**Work order**
From the listing below, please restate exactly the lines beginning at the one with "Champions League coloring" and ending at the one with "Stormforce best outdoor", both included, and skip the pictures.

**Given data**
---

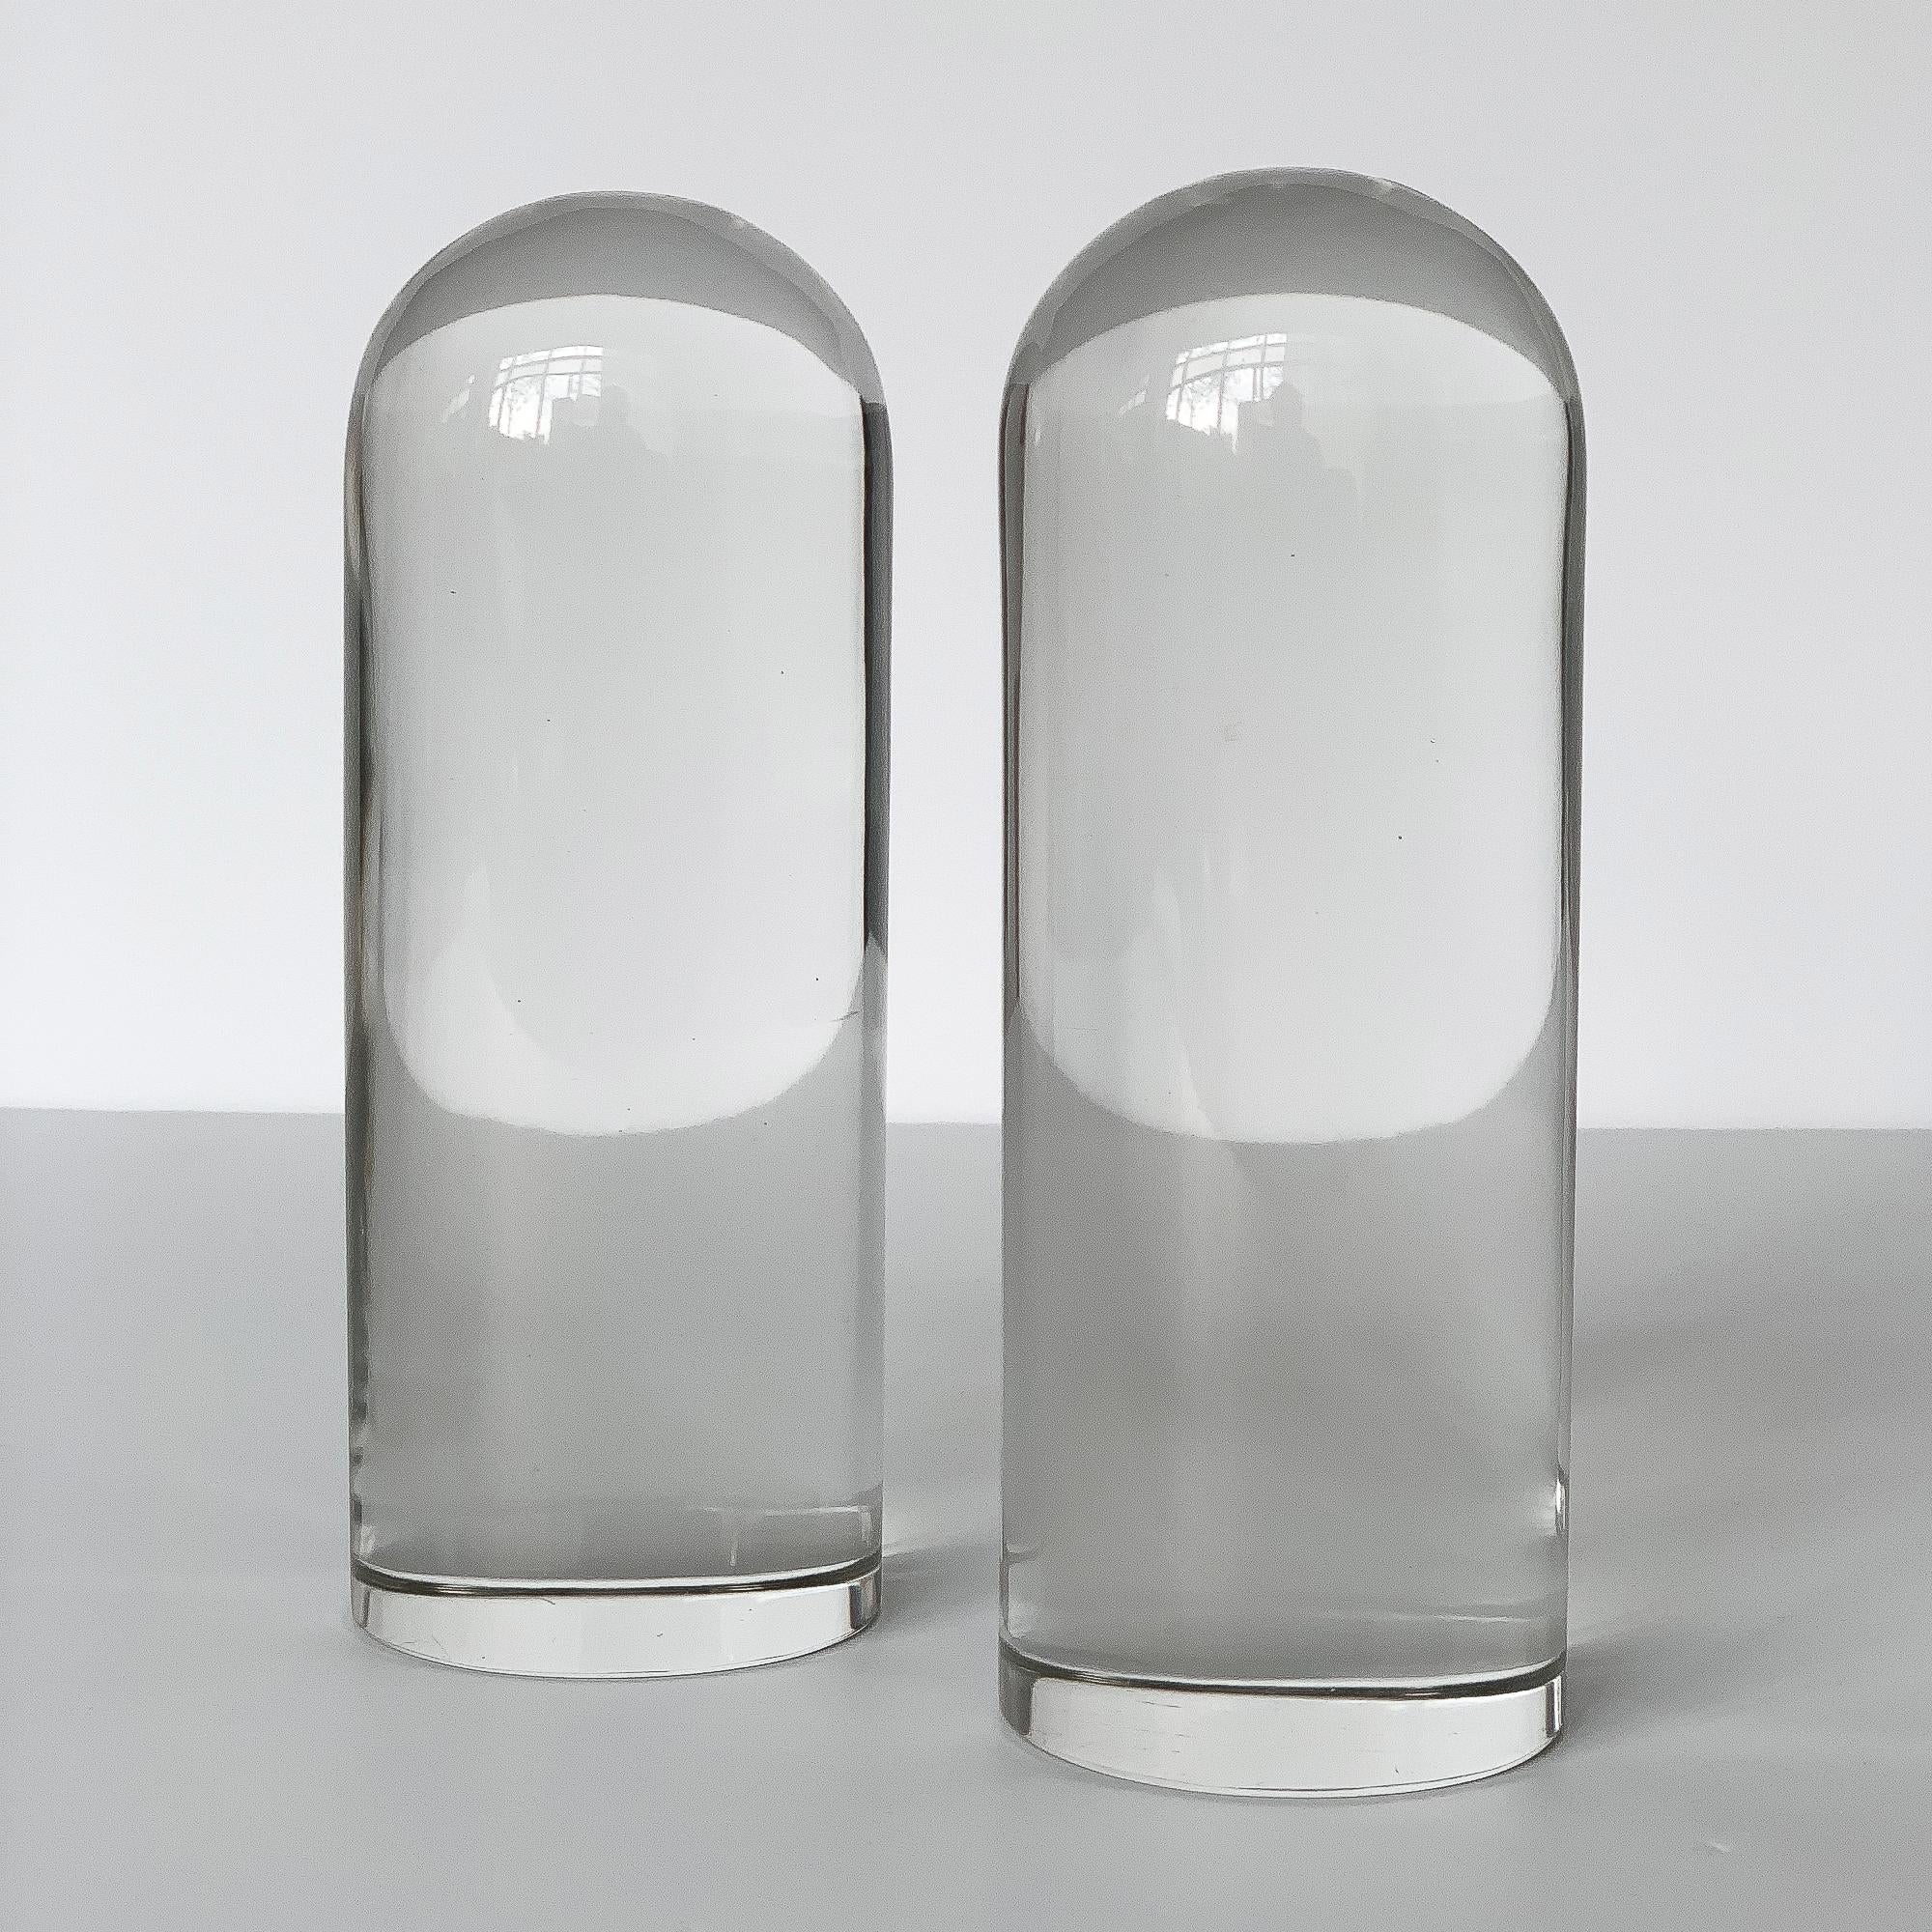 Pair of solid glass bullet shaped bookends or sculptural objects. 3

---

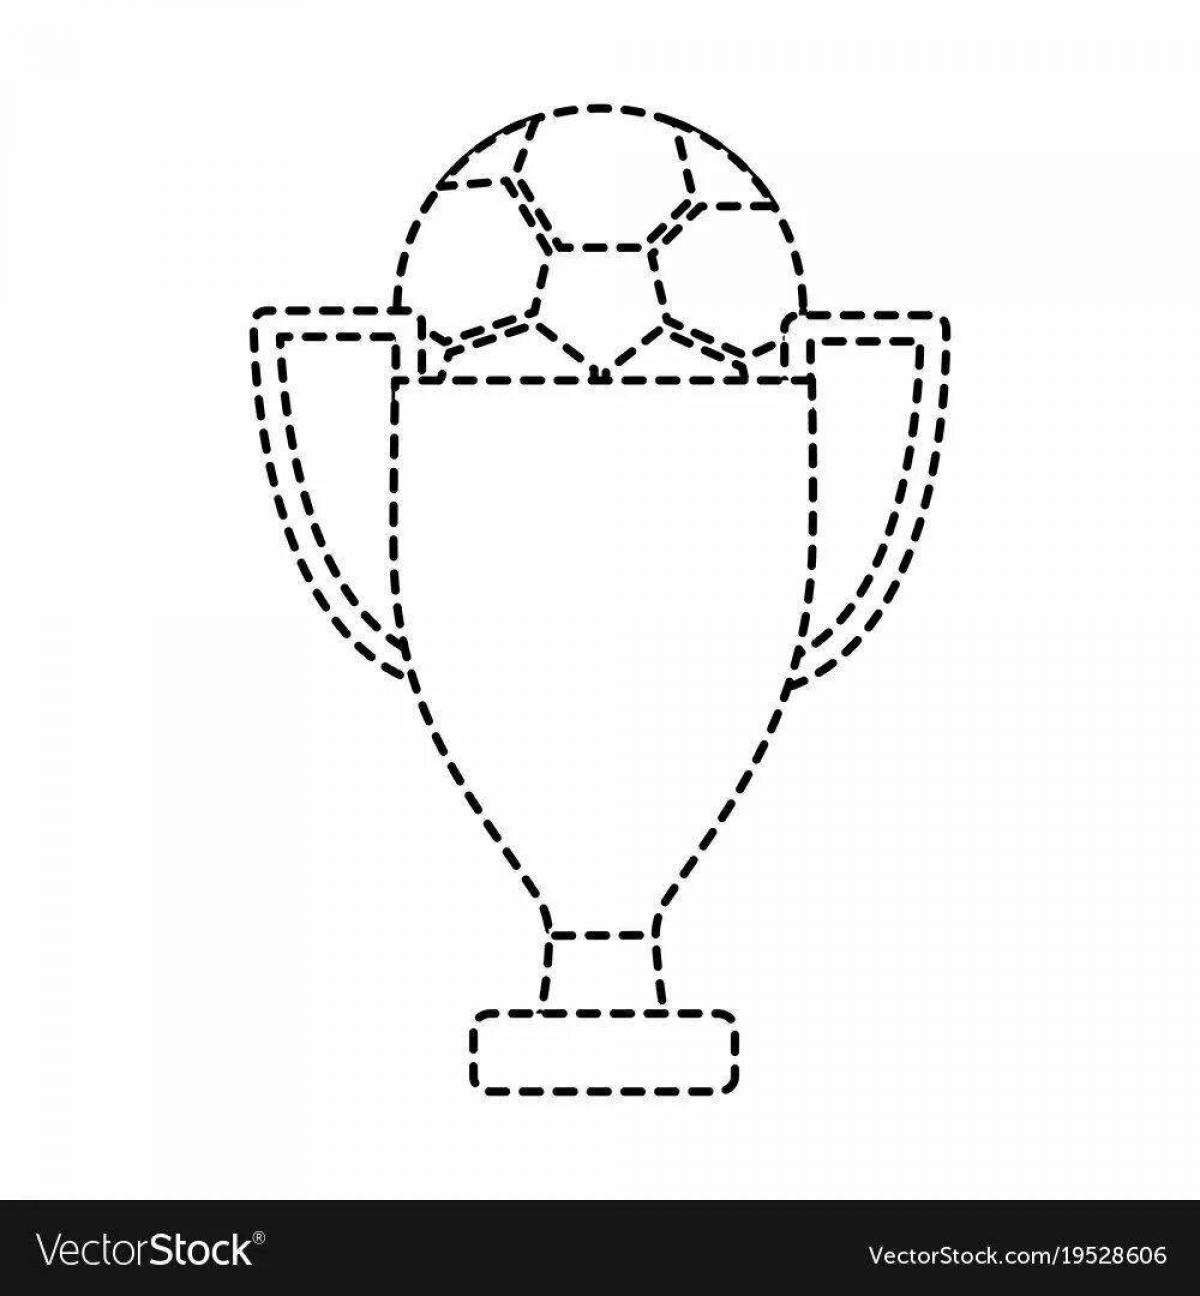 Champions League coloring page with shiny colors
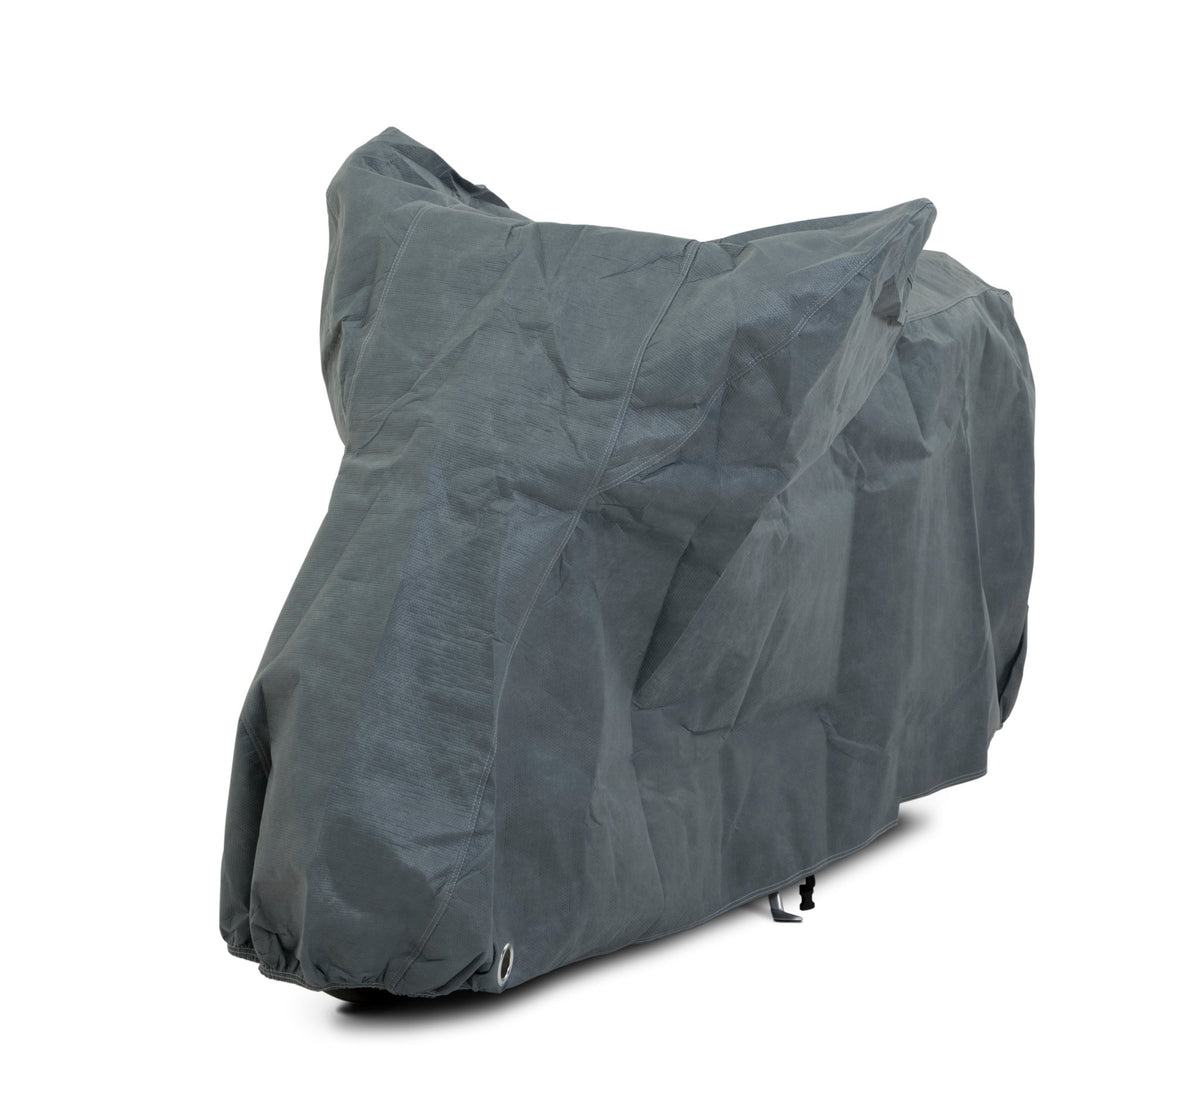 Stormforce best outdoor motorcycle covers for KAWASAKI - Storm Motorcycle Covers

---

**Response for this exercise**
 Champions League coloring page with shiny colors
 Stormforce best outdoor motorcycle covers for KAWASAKI - Storm Motorcycle Covers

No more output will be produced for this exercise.